Schedule data pipeline
Scheduling a data pipeline allows us to run the pipeline automatically at specific intervals. For instance, we can define a pipeline to run at 2 pm every day or 8 am every Monday.
To schedule a pipeline, go to the Load view and click Schedule pipeline.
The Schedule data pipeline window appears.
Enter the pipeline name. We can also choose the start date of the pipeline. Click the calendar icon to select a start date.
We can choose the frequency of the pipeline runs. It could be hourly, daily, weekly, or monthly. We can also specify the time in which the pipeline will be run.
Note
When scheduling a pipeline from a S3 folder, the schedule frequency of the pipeline should be consistent with the frequency of arrival of new micro-batches to the S3 folder. For instance, if an external extraction process automatically uploads a micro-batch every hour, we can set the pipeline schedule to run hourly. To learn more about ETL pipeline from an S3 folder, see Extract micro-batches from an S3 folder.

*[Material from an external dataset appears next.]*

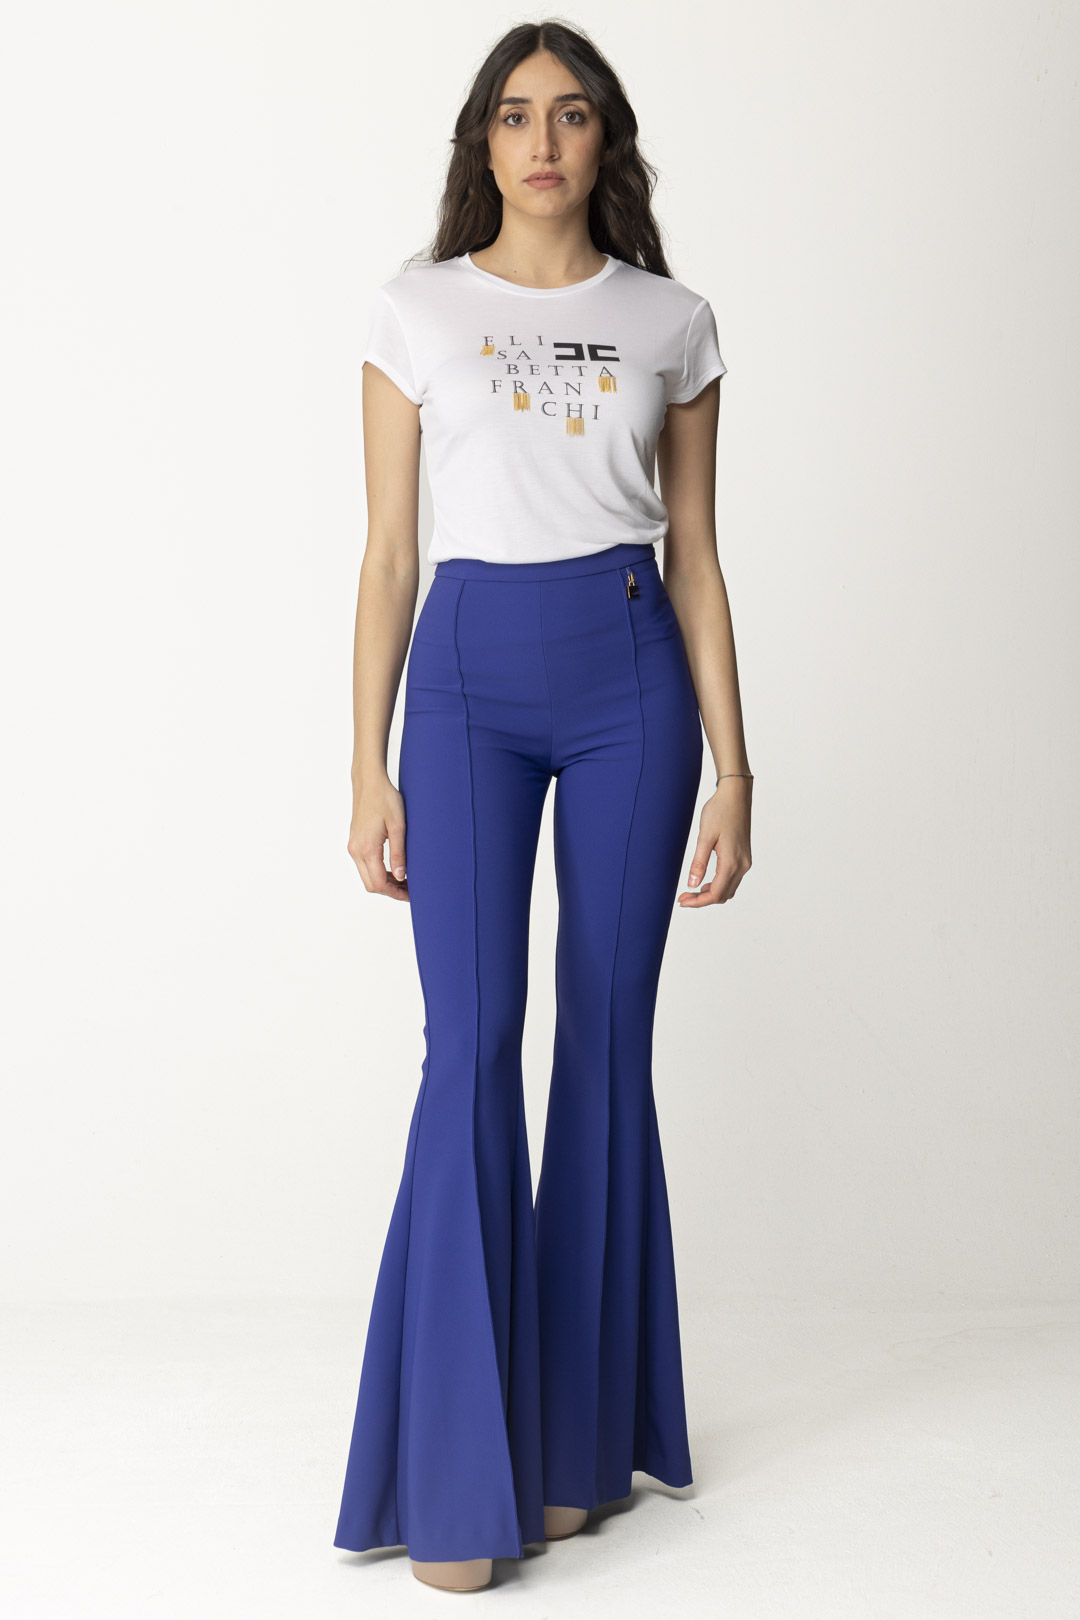 Preview: Elisabetta Franchi T-shirt with lettering logo and fringes Gesso
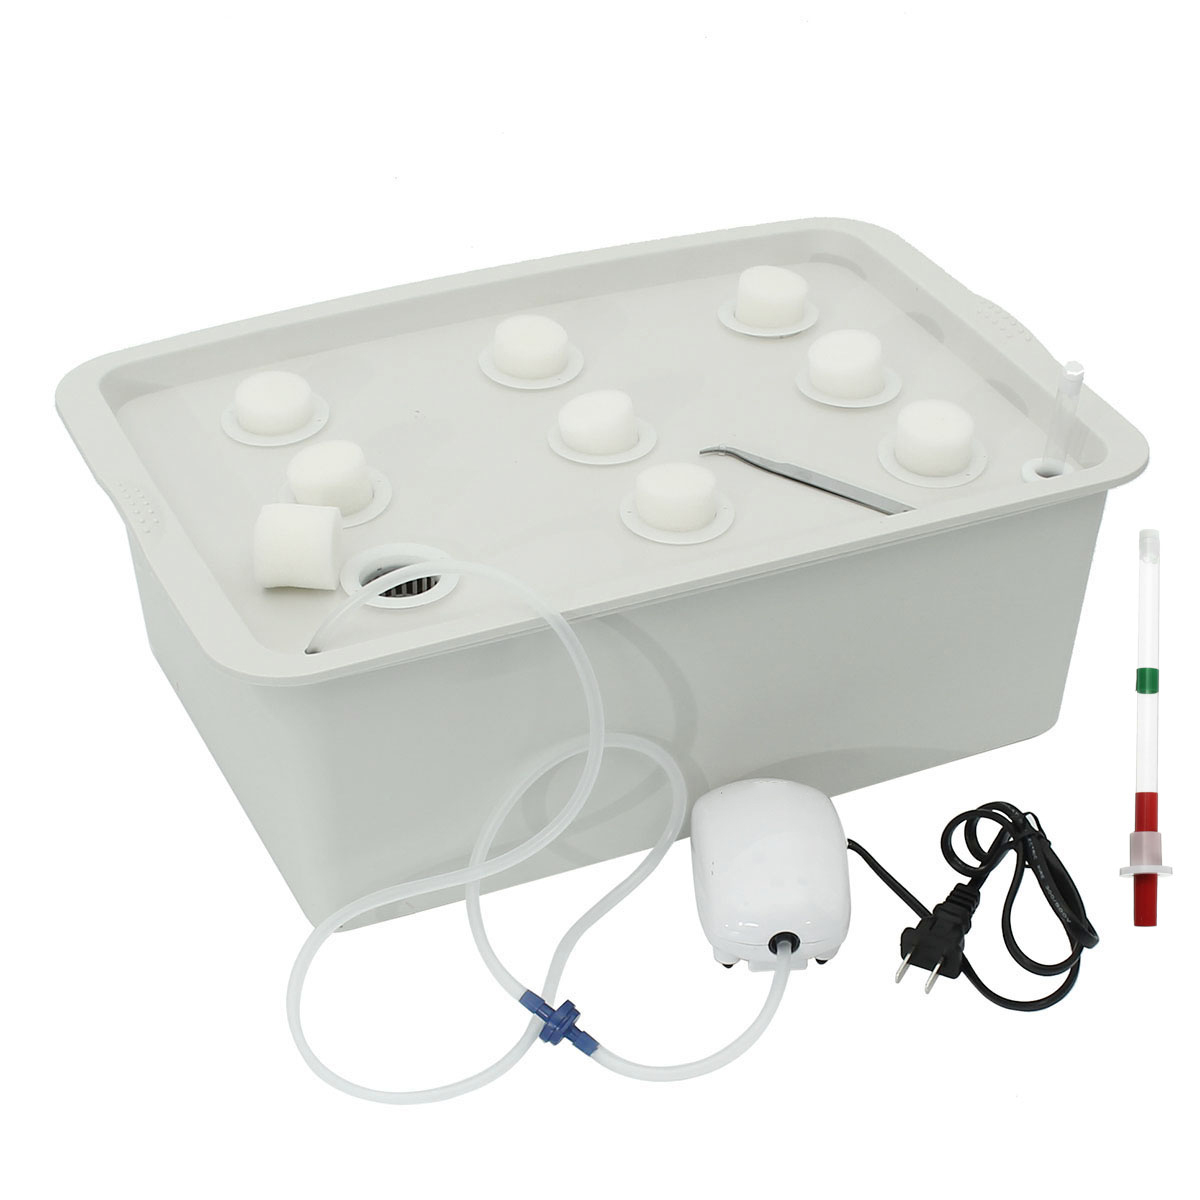 220V-Hydroponic-Grow-Box-9-Holes-DWC-Indoor-Aerobic-Soilless-Cultivation-System-Kit-Water-Planting-1190827-1

If we want the pipeline to be run right after scheduling it, tick Run pipeline now in addition to the scheduled time.
Loading strategies and eviction periods
The loading strategy is an important parameter when scheduling a pipeline. There are three loading strategies.

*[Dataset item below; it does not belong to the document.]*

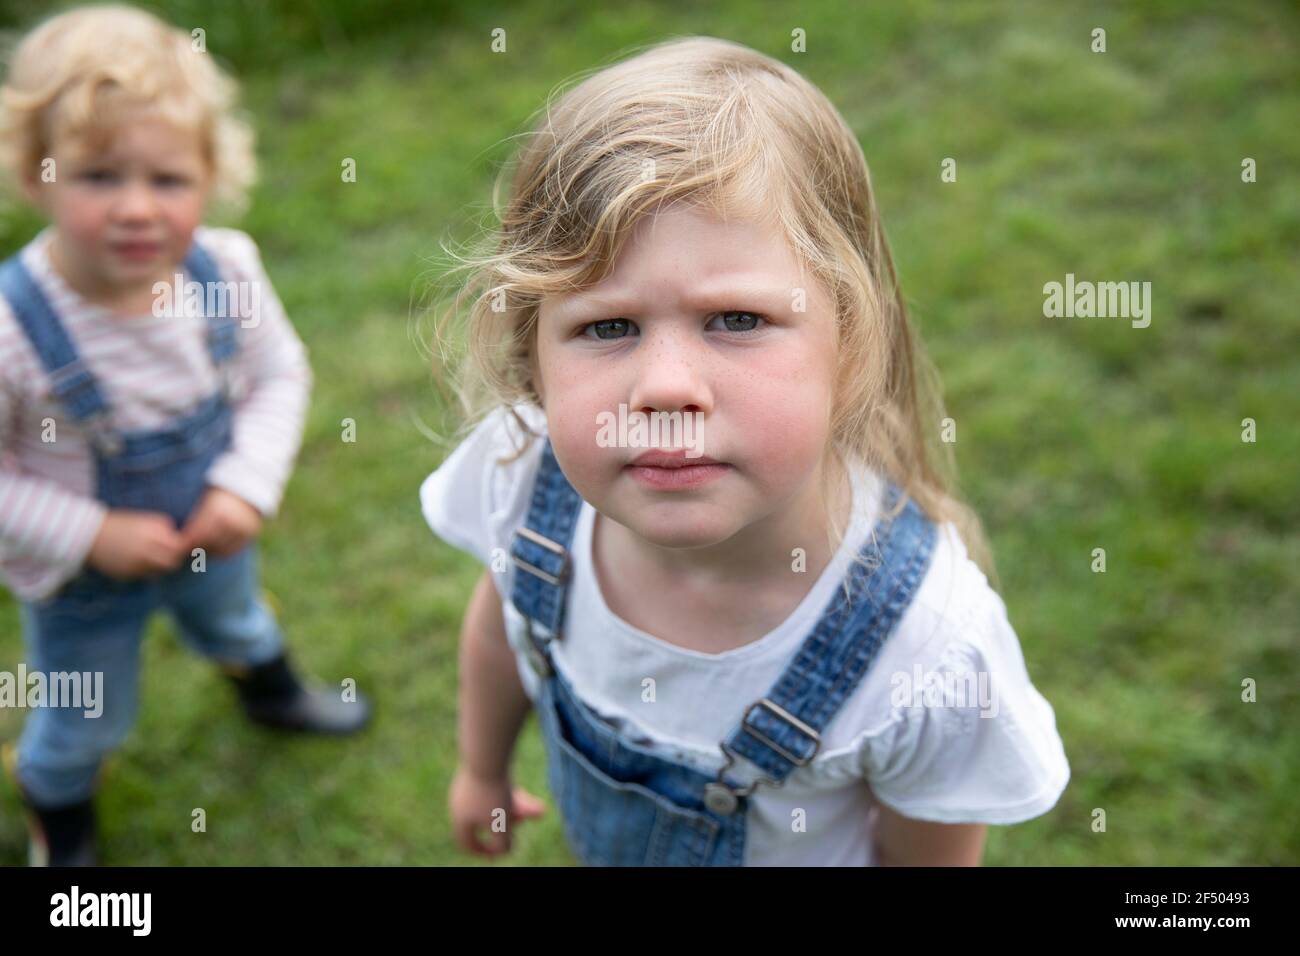 Portrait serious blonde girl in overalls with sister Stock Photo

Generate a new log every time the pipeline is executed creates a new log without overwriting the existing ones. When we choose this option, we will be required to enter the log name for the new files.
Always append data to the same log add the new rows to the existing log file. Effectively, when the pipeline triggers, it appends data to the initial log file.
If the schema of the appended log changes at any time, the pipeline run will fail. To prevent this, we can tick Create new log when the schema is altered. Apromore will instead create another log when it notices a change in the log schema.
To prevent the resulting log file from becoming extremely huge, we can optionally specify the data range to retain.
If one month is selected, data older than one month in the previous dataset will be discarded.
Note
If we delete the log file created from previous pipeline runs, a new log file will be created in the following pipeline run.
Overwrite the log everytime the pipeline is executed always replaces the existing log file with the output of the pipeline execution. To prevent pipeline run failure due to a change in the schema, we can tick Create new log when the schema is altered.
Lastly, enter the log file’s name created from the pipeline and specify its path.
Click Schedule to schedule the pipeline. The pipeline will be successfully scheduled and can be managed in the Data pipeline management window.